#### [THE DATA]
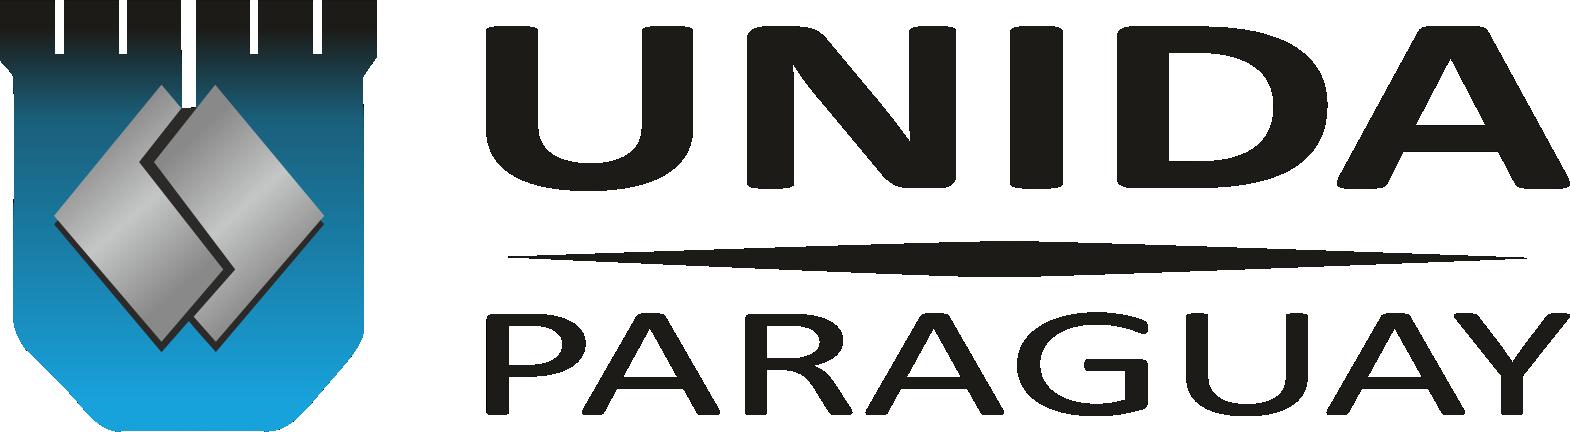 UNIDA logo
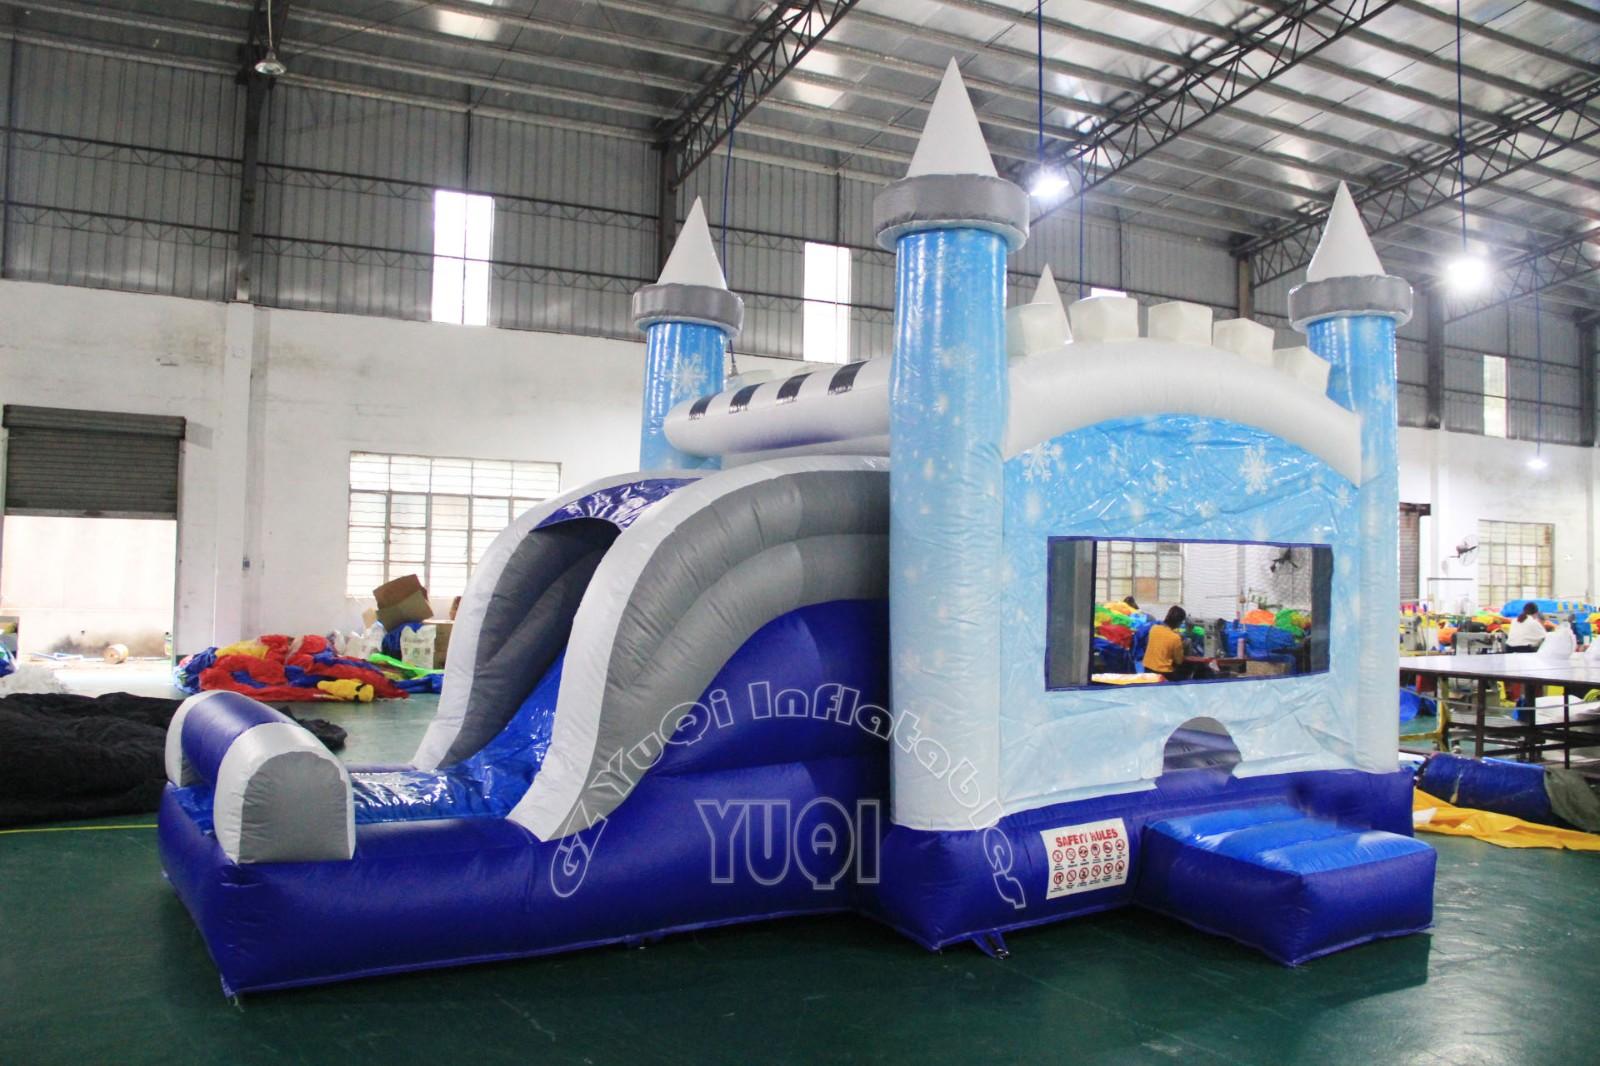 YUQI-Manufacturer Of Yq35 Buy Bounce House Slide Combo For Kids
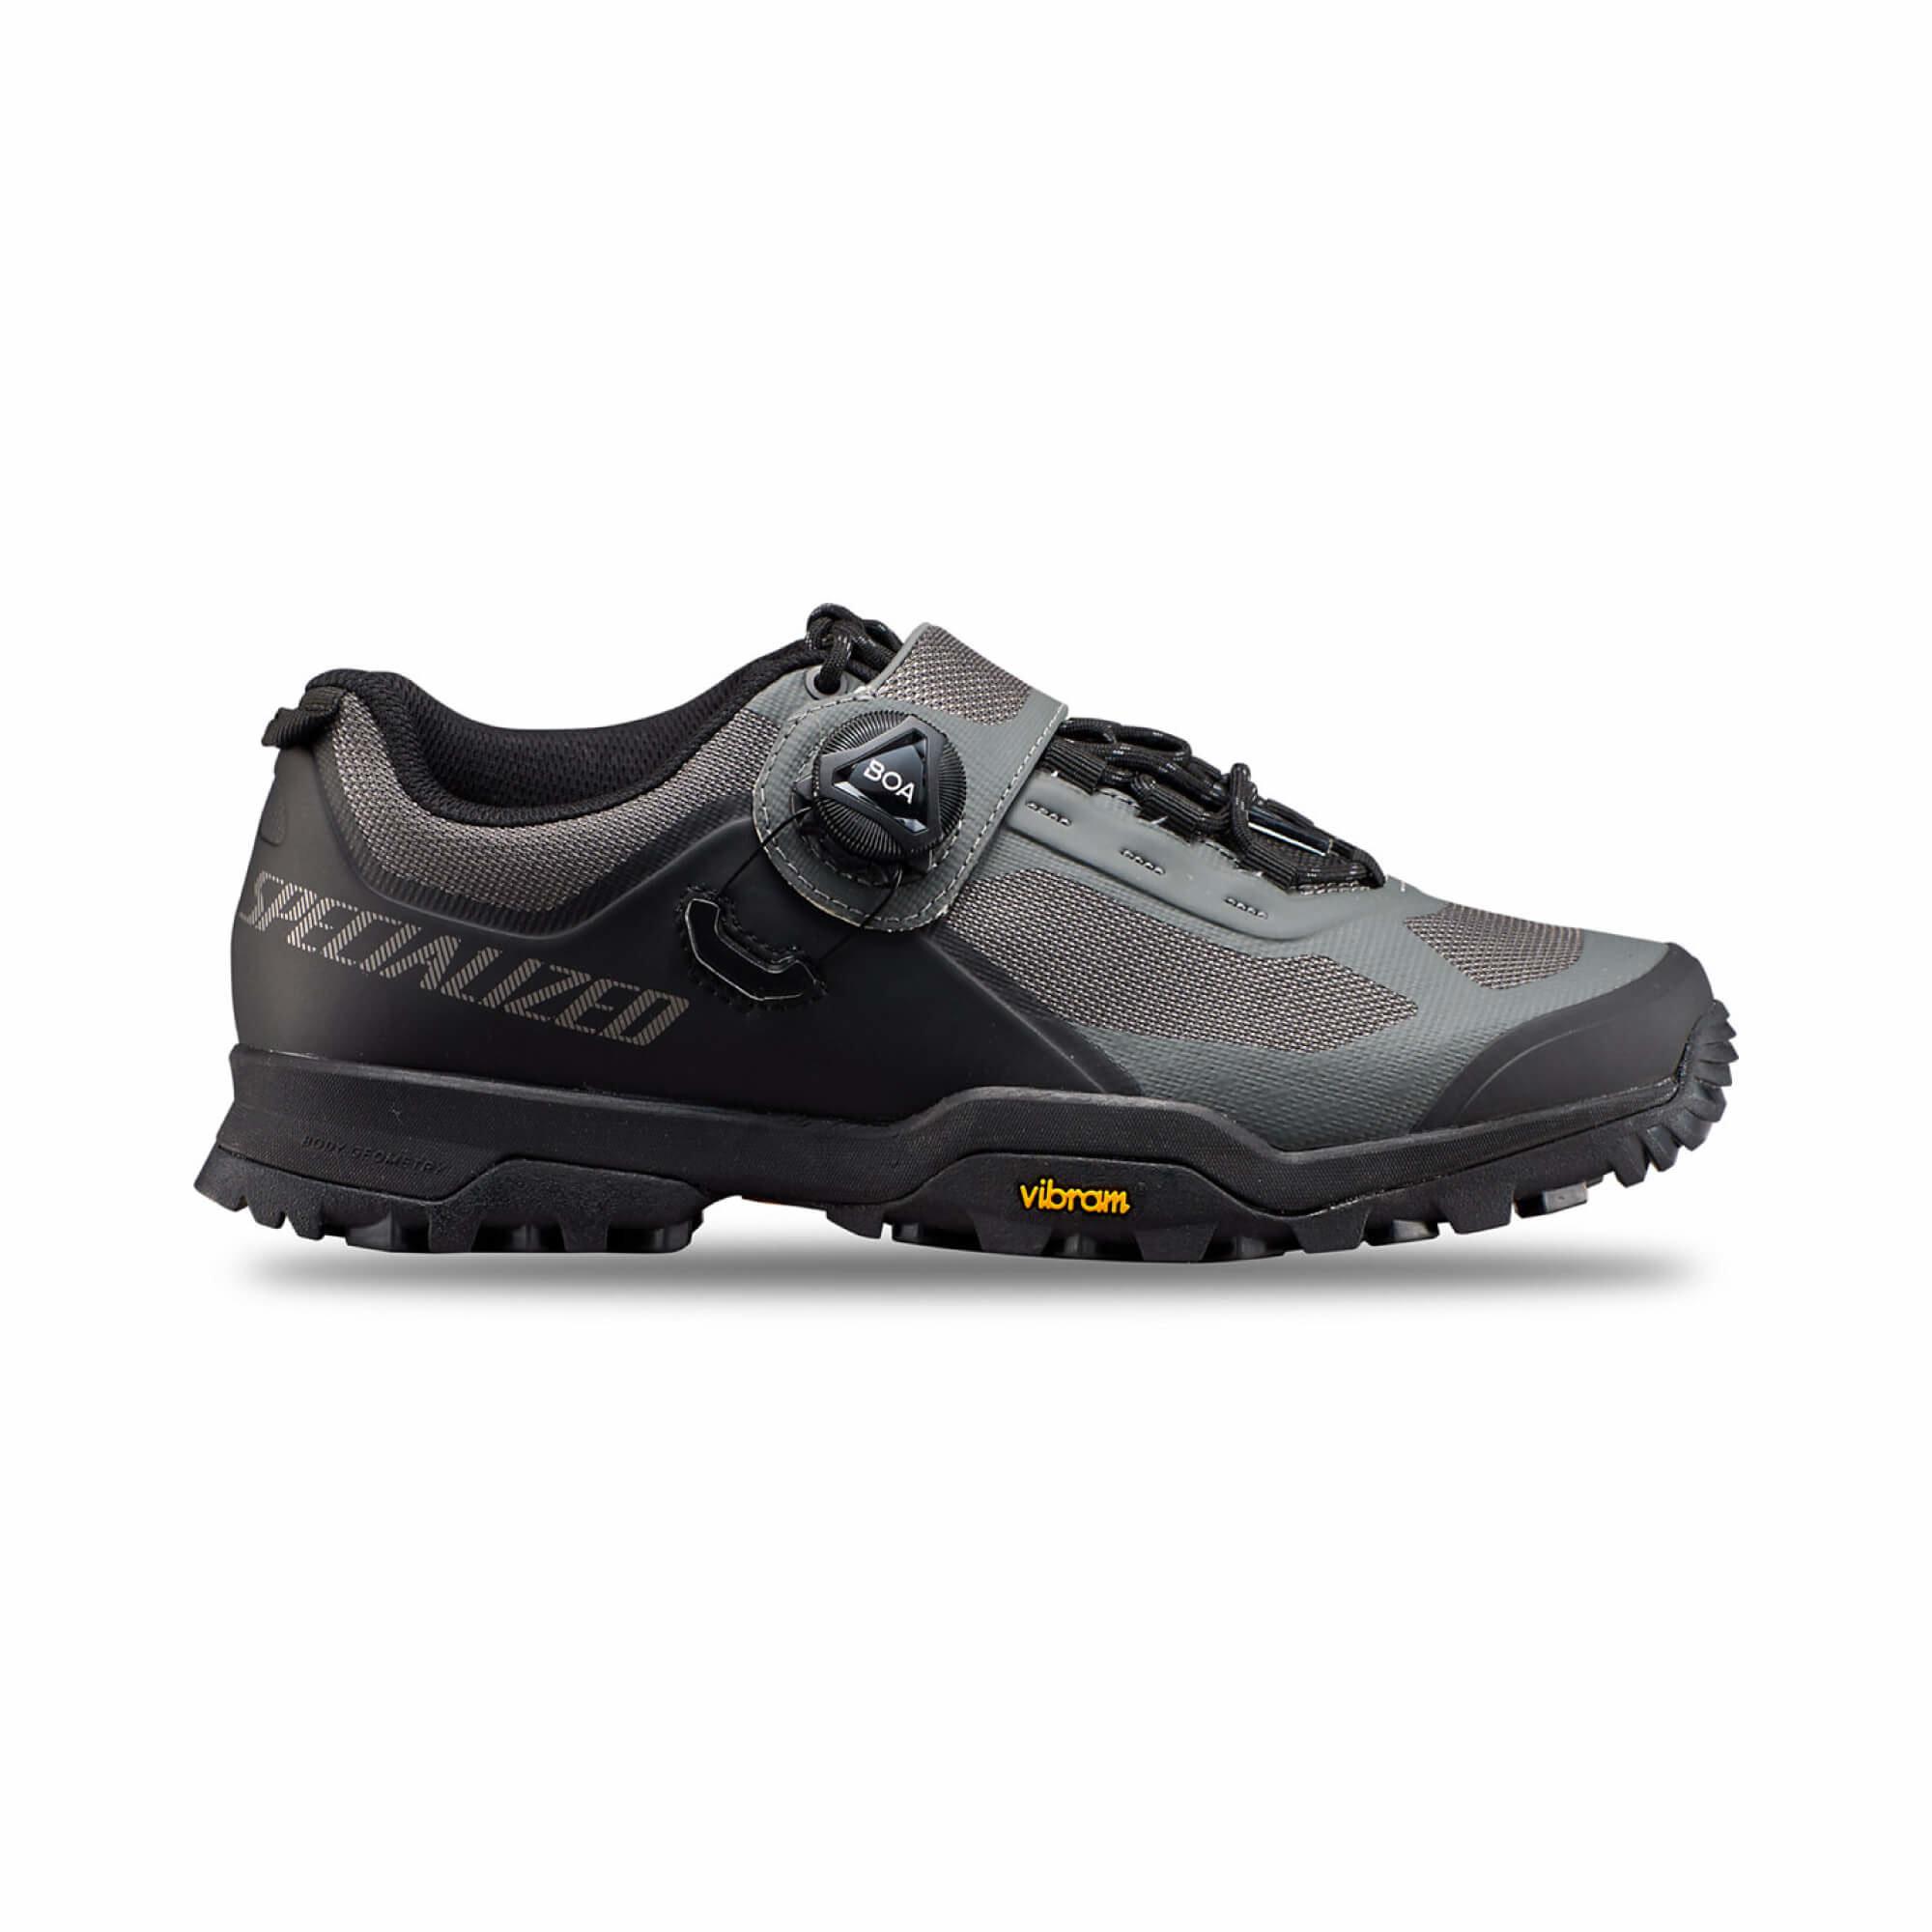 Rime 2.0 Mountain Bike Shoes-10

#### [EXERCISE INSTRUCTIONS]
Without the pictures, write out all of the material exactly.

#### [RESPONSE BELOW]
 UNIDA logo
 YUQI-Manufacturer Of Yq35 Buy Bounce House Slide Combo For Kids
 Rime 2.0 Mountain Bike Shoes-10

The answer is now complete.